= Wilhelm Malaniuk =

Wilhelm Malaniuk (June 26, 1906, in Oberndorf near Eger in the Austro-Hungarian Empire – December 20, 1965, in Vienna) was an Austrian judge and legal scholar.

== Life ==
Wilhelm Malaniuk grew up in Baden near Vienna. His father Lukas Malaniuk, a professional k.u.k.soldier, was born in Biały Kamień (a village in the Lemberg region near Złoczów) and headed the Sauerhof hospital and recreation home there after the First World War.
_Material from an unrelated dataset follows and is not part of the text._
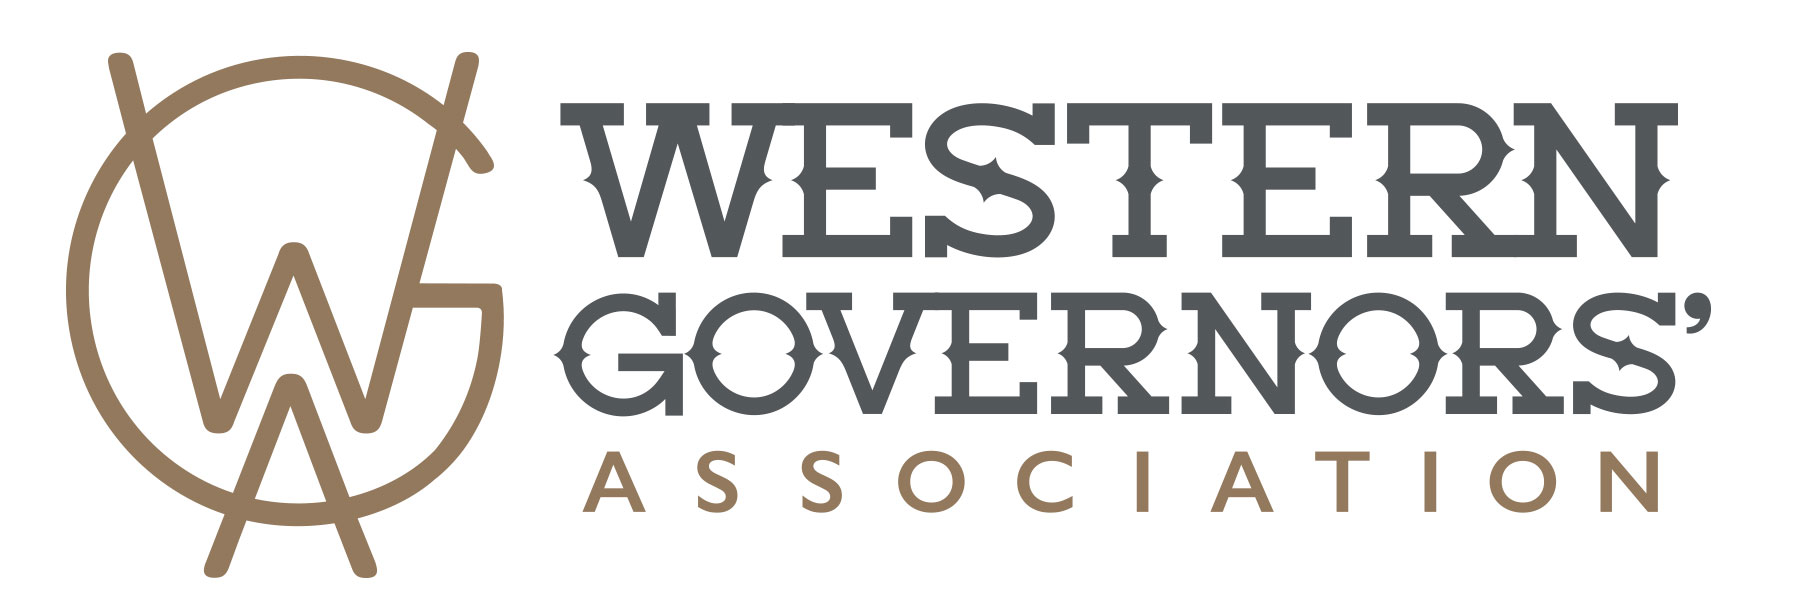 WGA logo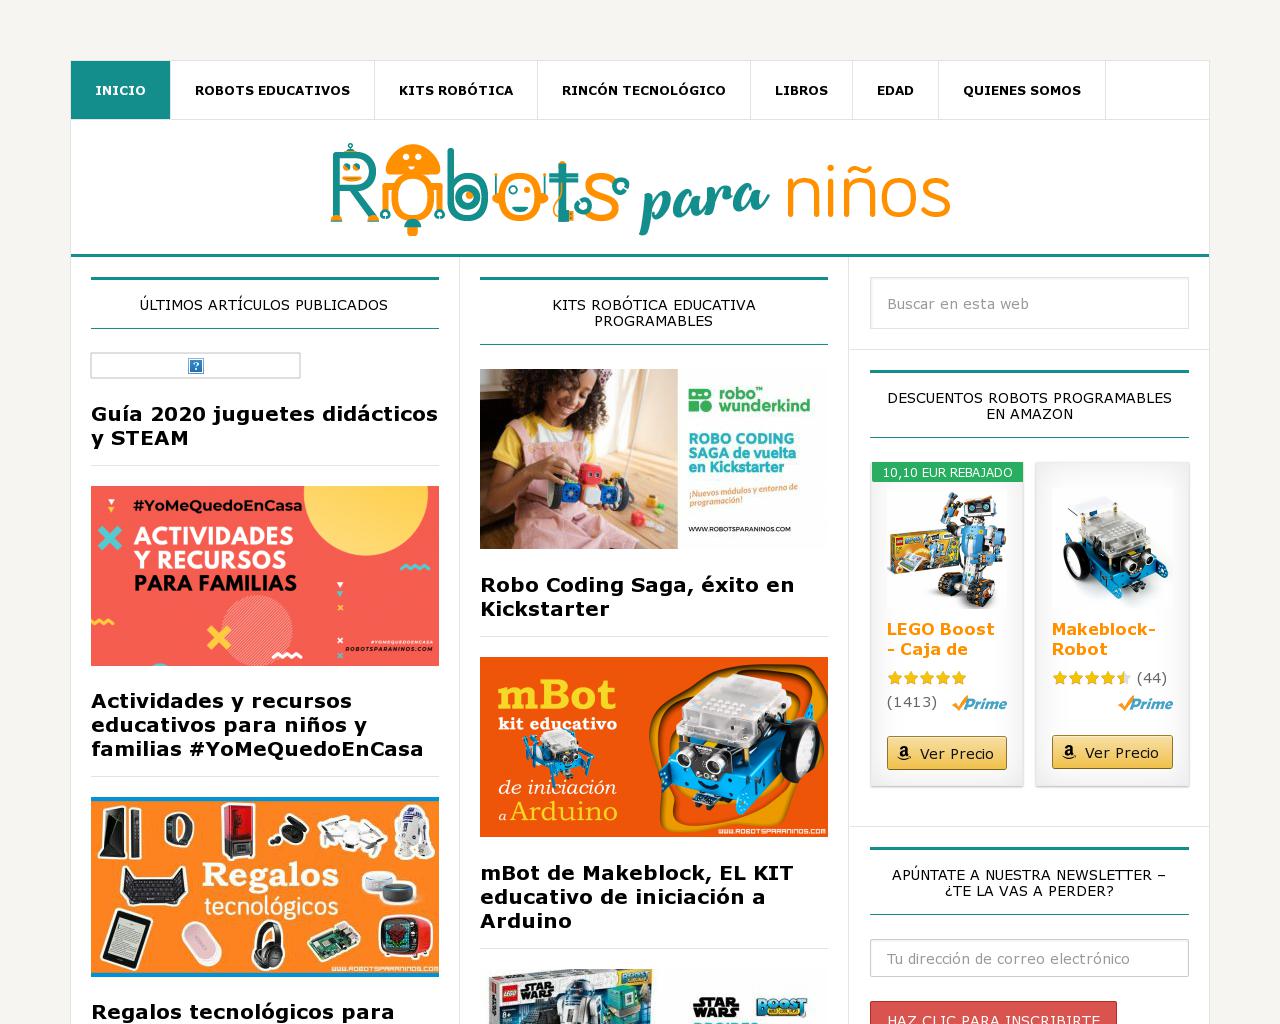 robotsparaninos.com

Wilhelm Malaniuk graduated from the University of Vienna in 1929. This was followed by legal practice in Vienna and the surrounding area. In 1933 he became a judge in Mödling and a year later in Baden. In the same year (1934) he was appointed presidential secretary at the Higher Regional Court in Vienna. From 1934 to 1938 Malaniuk was community representative of the city of Baden and district advertising manager of the Vaterländischen Front, where he saw the NSDAP as the main enemy against the party line at an early stage. He wanted to push back the Christian conservative elements and create a balance with the SDAP voters in order to bring a new awareness of Austria to the fore. After he was transferred to a post in the Vienna II public prosecutor's office in 1937, he was removed from his post by the Nazi authorities in March 1938, briefly arrested and finally forced into retirement without being entitled to a pension.

From 1940 to 1945 he did military service as a team rank in the German armed forces until he contacted the judiciary in Vienna in April 1945 and was called back to the judiciary on April 13, 1945. He was appointed presidential secretary at the Regional Court for Civil Law Matters in Vienna and in 1946 he was appointed Vice-President of the Regional Court. From 1946 to 1950 he was chairman of the judges and prosecutors section of the civil servants' union. Wilhelm Malaniuk became the first chairman of the Austrian judges' association in 1948, which was reestablished after the war under the most difficult conditions.

In 1955 he completed his habilitation in white-collar crime and was appointed President of the Regional Court for Criminal Matters in Vienna. Wilhelm Malaniuk was a member of the Criminal Law Commission for the revision of the Criminal Code and in 1959 became a substitute member of the Constitutional Court. On September 22, 1959, the Austrian Lawyers' Association (ÖJT) was constituted at the urging of Wilhelm Malaniuk. In 1963 he became President of the Vienna Higher Regional Court. Wilhelm Malaniuk was in contact with Hans Kelsen and visited him in August 1964 at the University of California at Berkeley. In June 1965 he became an associate professor at the University of World Trade in Vienna.

He was related to the opera singer Ira Malaniuk. Wilhelm Malaniuk's brother-in-law was the Austrian resistance fighter and railway engineer Viktor Gromaczkiewicz, who died in 1944 and was also a member of the "Austrian Action" movement around Ernst Karl Winter, Hans Karl Zeßner-Spitzenberg and Walter Krajnc.

Shortly after his death, his textbooks were banned from Austrian legal education. Wilhelm Malaniuk also tried in his books to deal legally with the crimes in the Nazi state. Above all, he justified the admissibility of the non-application of the nulla poena sine lege among Nazi war criminals.

== Books ==

- Lehrbuch des Strafrechts: Band 1 Strafrechtliche Tatbestände des österreichischen Strafgesetzes, der strafrechtlichen Nebengesetze und anderer Gesetze, 1. T : Delikte gegen einzelnen; 2. T Delikt gegen die Gesamtheit; Band 2 vom Lehrbuch Strafrecht; Manzsche Verlagsbuchhandlung, 1947–1949.
- Die Stellung des Richters und die Prozeßreform, in: Festschrift zur Fünfzigjahrfeier der österreichischen Zivilprozessordnung 1898–1948 (Vienna 1948), pp 175.

== Sources ==

- CAP Otto: 130 Jahre Kreisgericht Korneuburg. 1974.